● Supplied information:
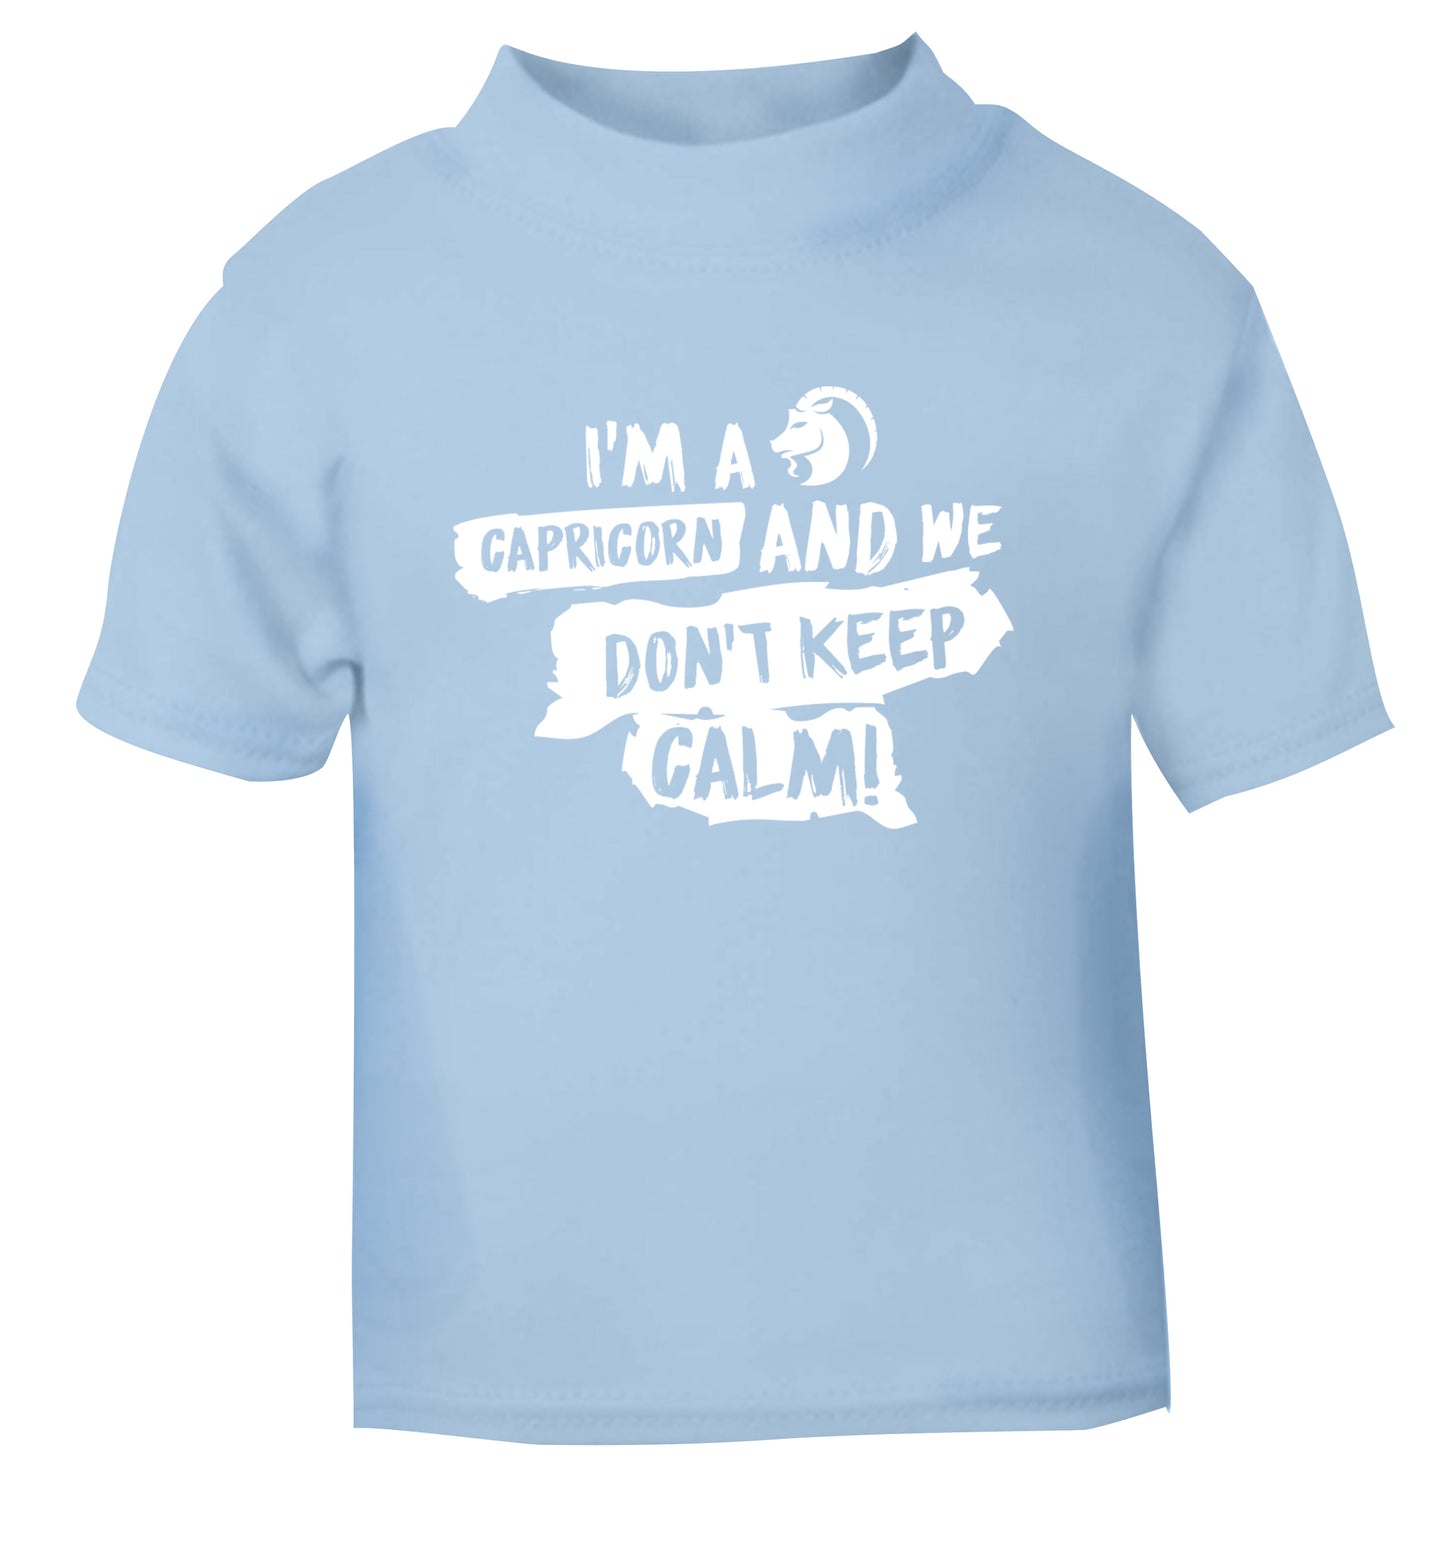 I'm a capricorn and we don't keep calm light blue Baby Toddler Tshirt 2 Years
--
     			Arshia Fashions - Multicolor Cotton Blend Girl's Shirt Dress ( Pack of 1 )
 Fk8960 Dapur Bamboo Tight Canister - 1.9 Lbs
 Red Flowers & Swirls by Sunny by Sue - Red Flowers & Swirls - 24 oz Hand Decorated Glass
==
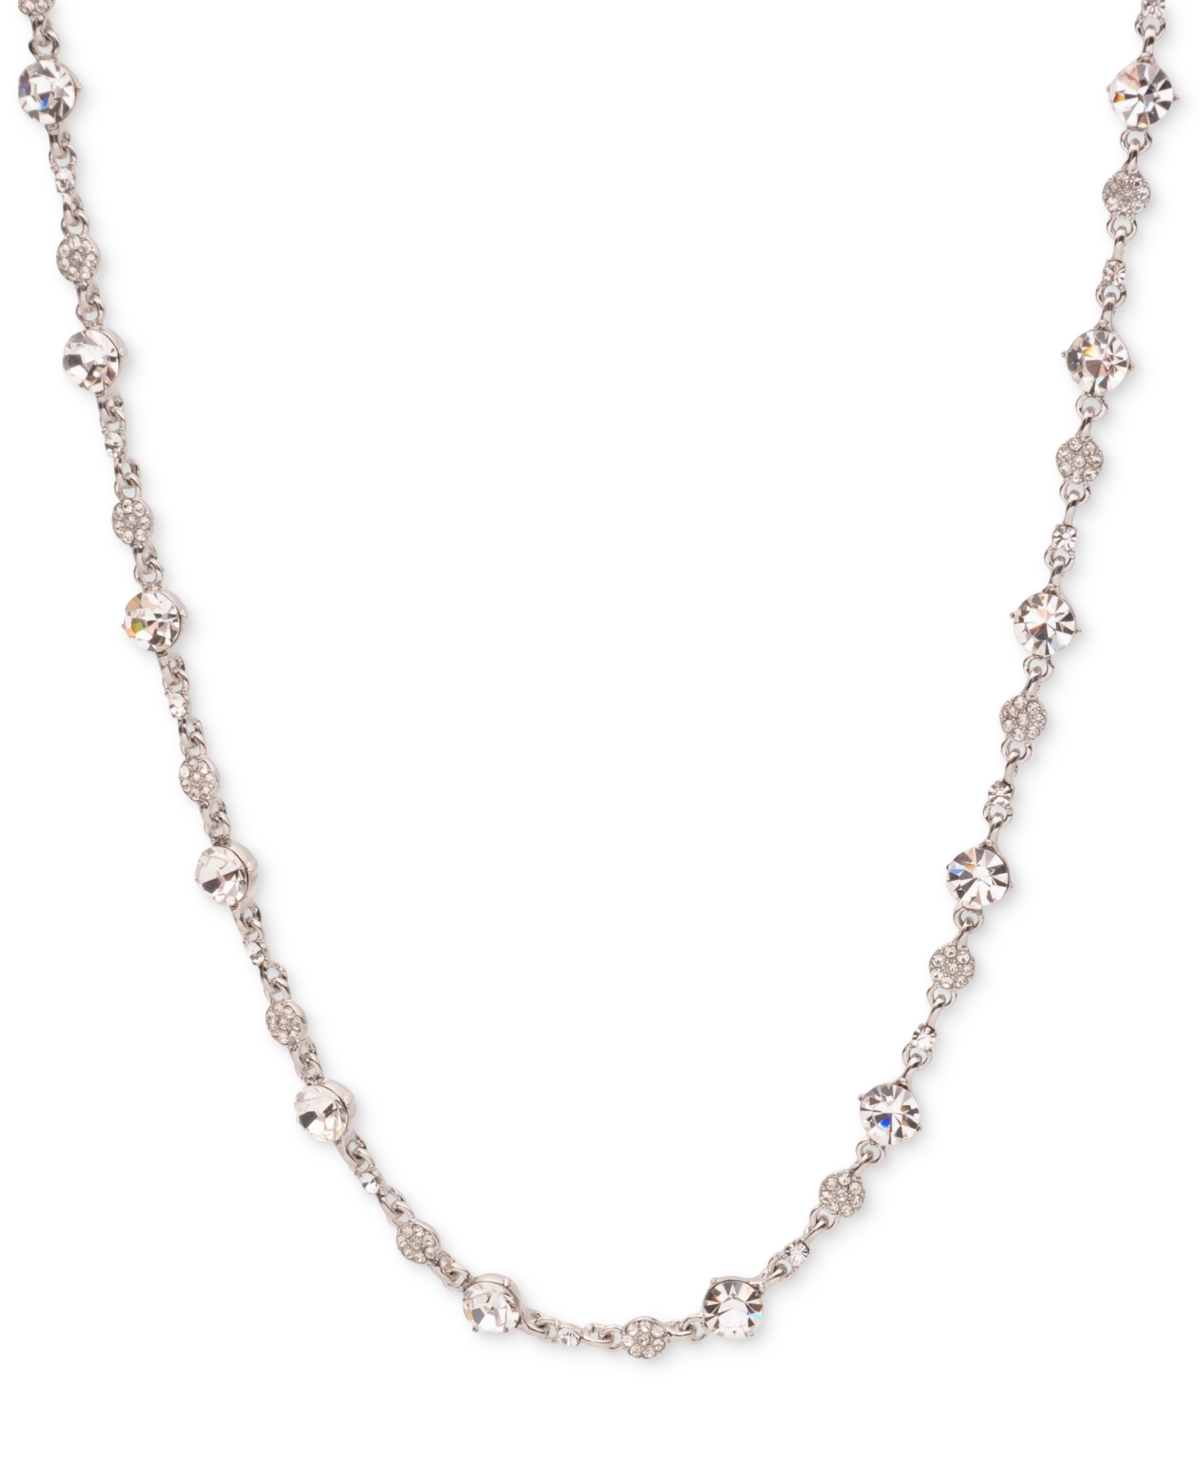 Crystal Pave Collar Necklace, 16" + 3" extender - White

● Try it: Retype only this portion of the data above: the line containing "Arshia Fashions - Multicolor", the line containing "Red Flowers & Swirls by", and all lines between them, exactly.

● Solution to the exercise:
     			Arshia Fashions - Multicolor Cotton Blend Girl's Shirt Dress ( Pack of 1 )
 Fk8960 Dapur Bamboo Tight Canister - 1.9 Lbs
 Red Flowers & Swirls by Sunny by Sue - Red Flowers & Swirls - 24 oz Hand Decorated Glass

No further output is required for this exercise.